2. The endoscopic system according to claim 1, wherein the optical fiber bundle of the light guide probe is made of a material capable of guiding excitation light of any of the multiple wavelengths.

3. It is equipped with an image signal processing unit that displays images taken with an endoscope on a monitor. The endoscope system according to claim 1 or 2, wherein the image signal processing unit changes the display range of the image according to the light cut filter.

4. A memory unit that stores information identifying the wavelength of the excitation light and the corresponding hood, A selection unit that allows the user to select the wavelength of the excitation light, An output unit reads information from the storage unit that identifies the hood corresponding to the wavelength selected in the selection unit and outputs it to the user. An endoscope system according to any one of claims 1 to 3, comprising:

5. The endoscope system according to any one of claims 1 to 4, further comprising a determination unit that determines whether the intensity of the light input by means for guiding the excitation light output from the tip of the endoscope to the objective lens of the endoscope meets a predetermined standard, and determines that the hood is properly attached if it is determined that the predetermined standard is met.
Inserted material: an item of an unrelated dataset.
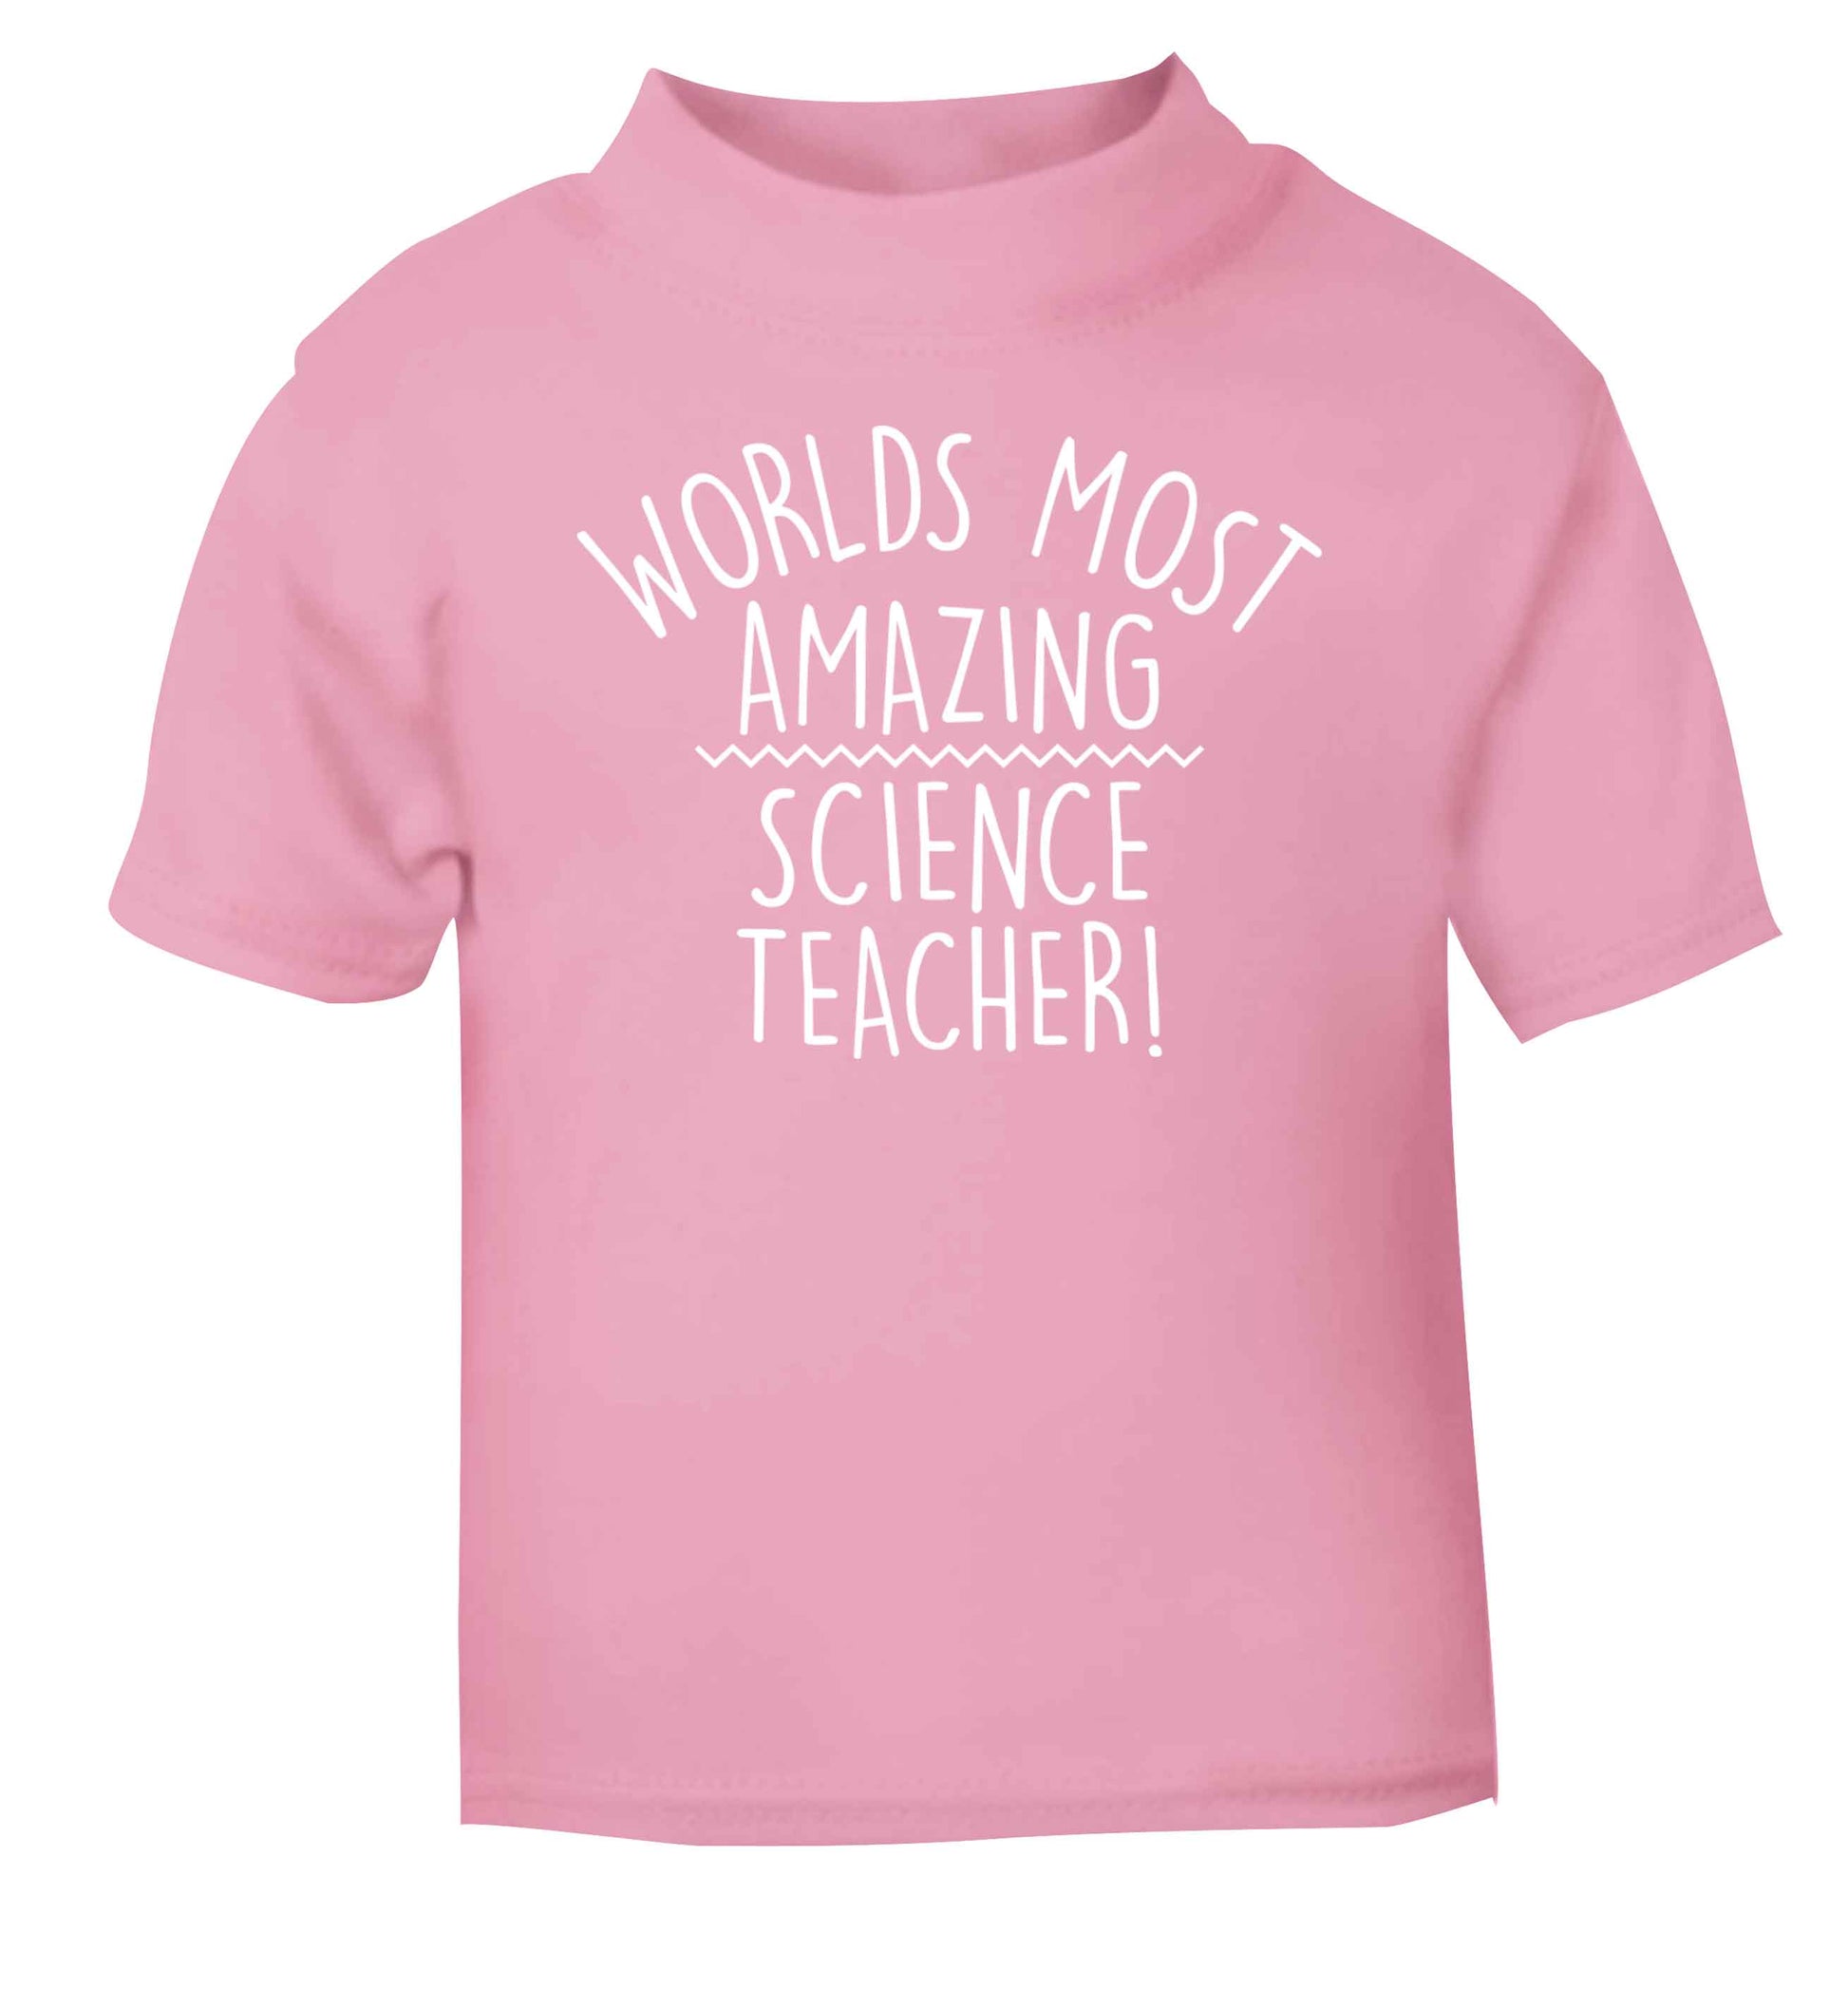 Worlds most amazing science teacher light pink baby toddler Tshirt 2 Years

6. Each of the aforementioned multiple types of hoods has a light cut filter that cuts the wavelength of the corresponding excitation light, The endoscopic system according to any one of claims 1 to 5, wherein when the wavelength of the corresponding excitation light and the wavelength of the fluorescence emitted by the excitation are closer than a predetermined standard, the short-wavelength cut filter partially cuts not only the wavelength band of the excitation light but also the fluorescence.